Agent-oriented manifest following the convention established by Lakebed (Ping). The JSON file provides structured metadata for machine consumption:

  • agentEntrypoints — pointers to /docs.json, /llms.txt, /llms-full.txt

  • pages[] — flat array with title, description, section, url, markdownUrl, and headings[] per page

  • sourceRepository — read from html_theme_options["source_repository"]

Per-page .md twins

Source file copies alongside each HTML page, following the “Markdown for Agents” convention (Cloudflare, Stripe, Anthropic, Vercel). Every HTML page at /path/page.html gets a sibling at /path/page.md containing the original source content.

How the outputs are built

All output files are generated at build-finished in the main process, iterating app.env.found_docs (the env-merged set of all documented files). This means:

  • Incremental builds produce complete output — no pages are missed because Sphinx only re-wrote a subset.

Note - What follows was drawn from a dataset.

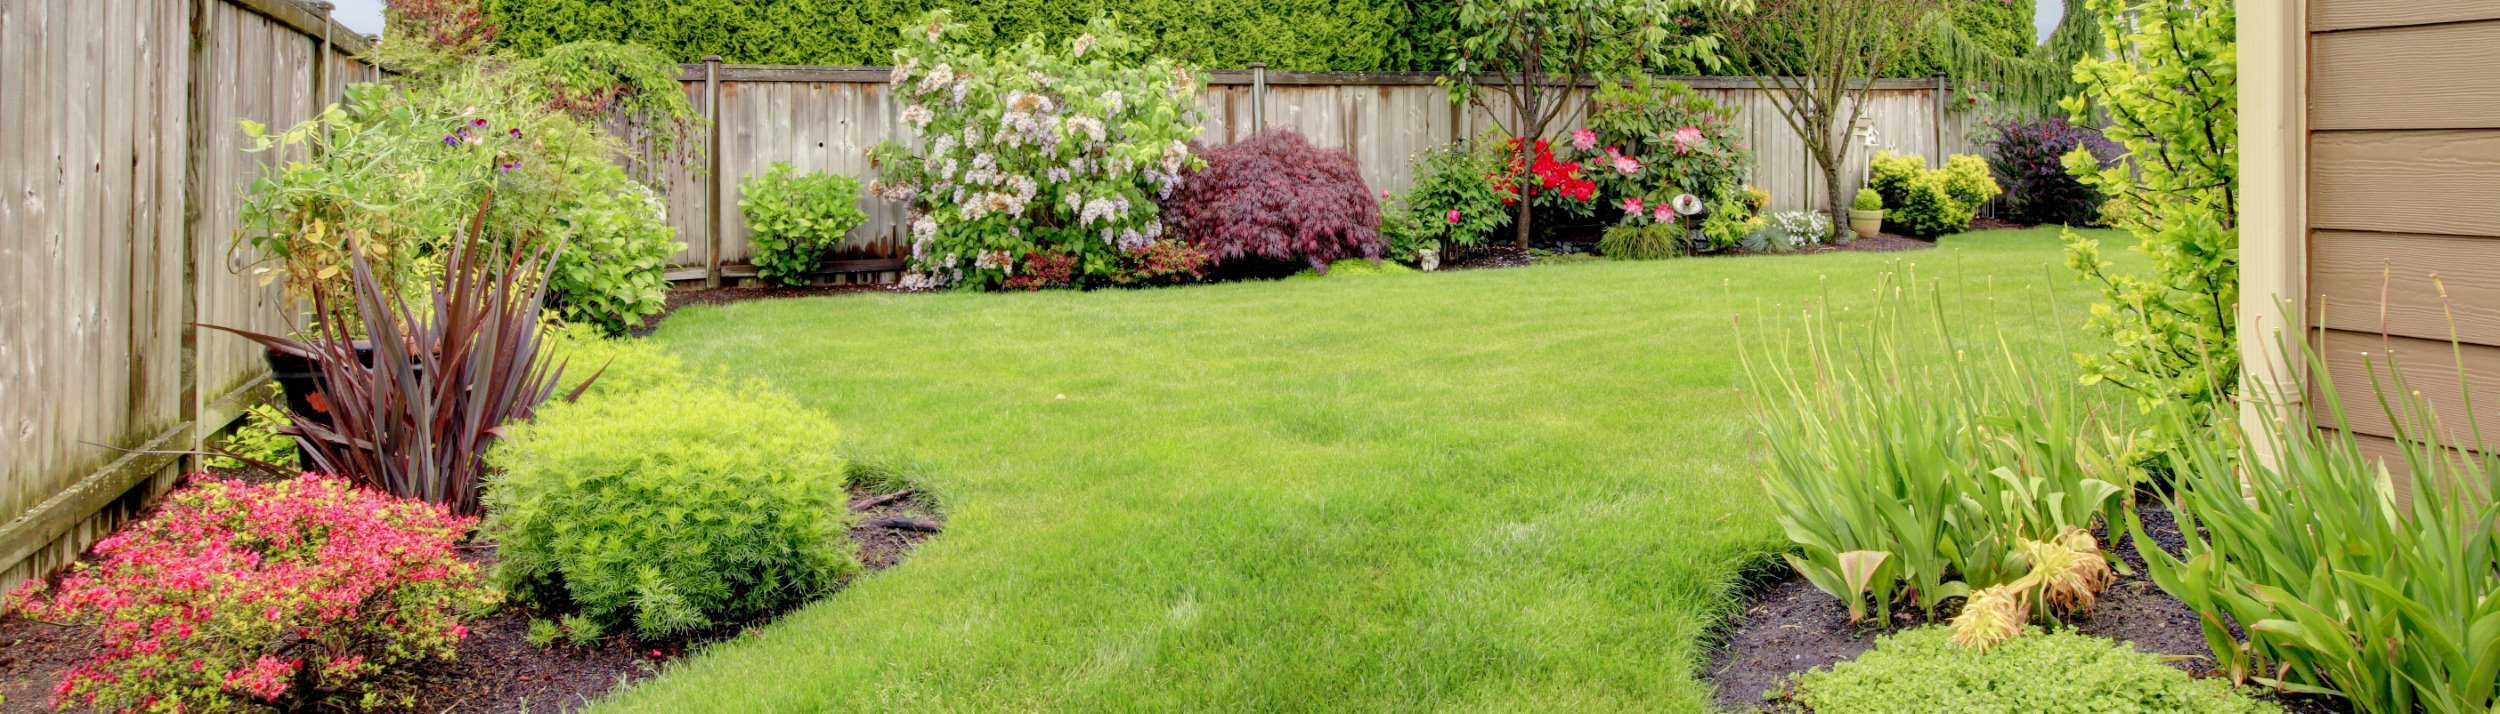 Ein Garten mit Rasenfläche und am Rand angelegten Blumenbeeten

  • Parallel builds (sphinx-build -j N) work correctly — found_docs is merged across workers before build-finished fires.

  • Non-HTML builders (text, json, manpage) are skipped automatically — the handler checks for get_target_uri.

Footer link injection runs via html-page-context, adding template variables (llms_md_url, llms_txt_url, etc.) only when the corresponding llms_generate_* flag is True.

Event hooks

build-finished    →  _write_llm_outputs    (llms.txt, llms-full.txt,
                                            docs.json, .md twins)
html-page-context →  _inject_llms_context  (footer link variables)

Both live in sphinx_gp_llms/__init__.py.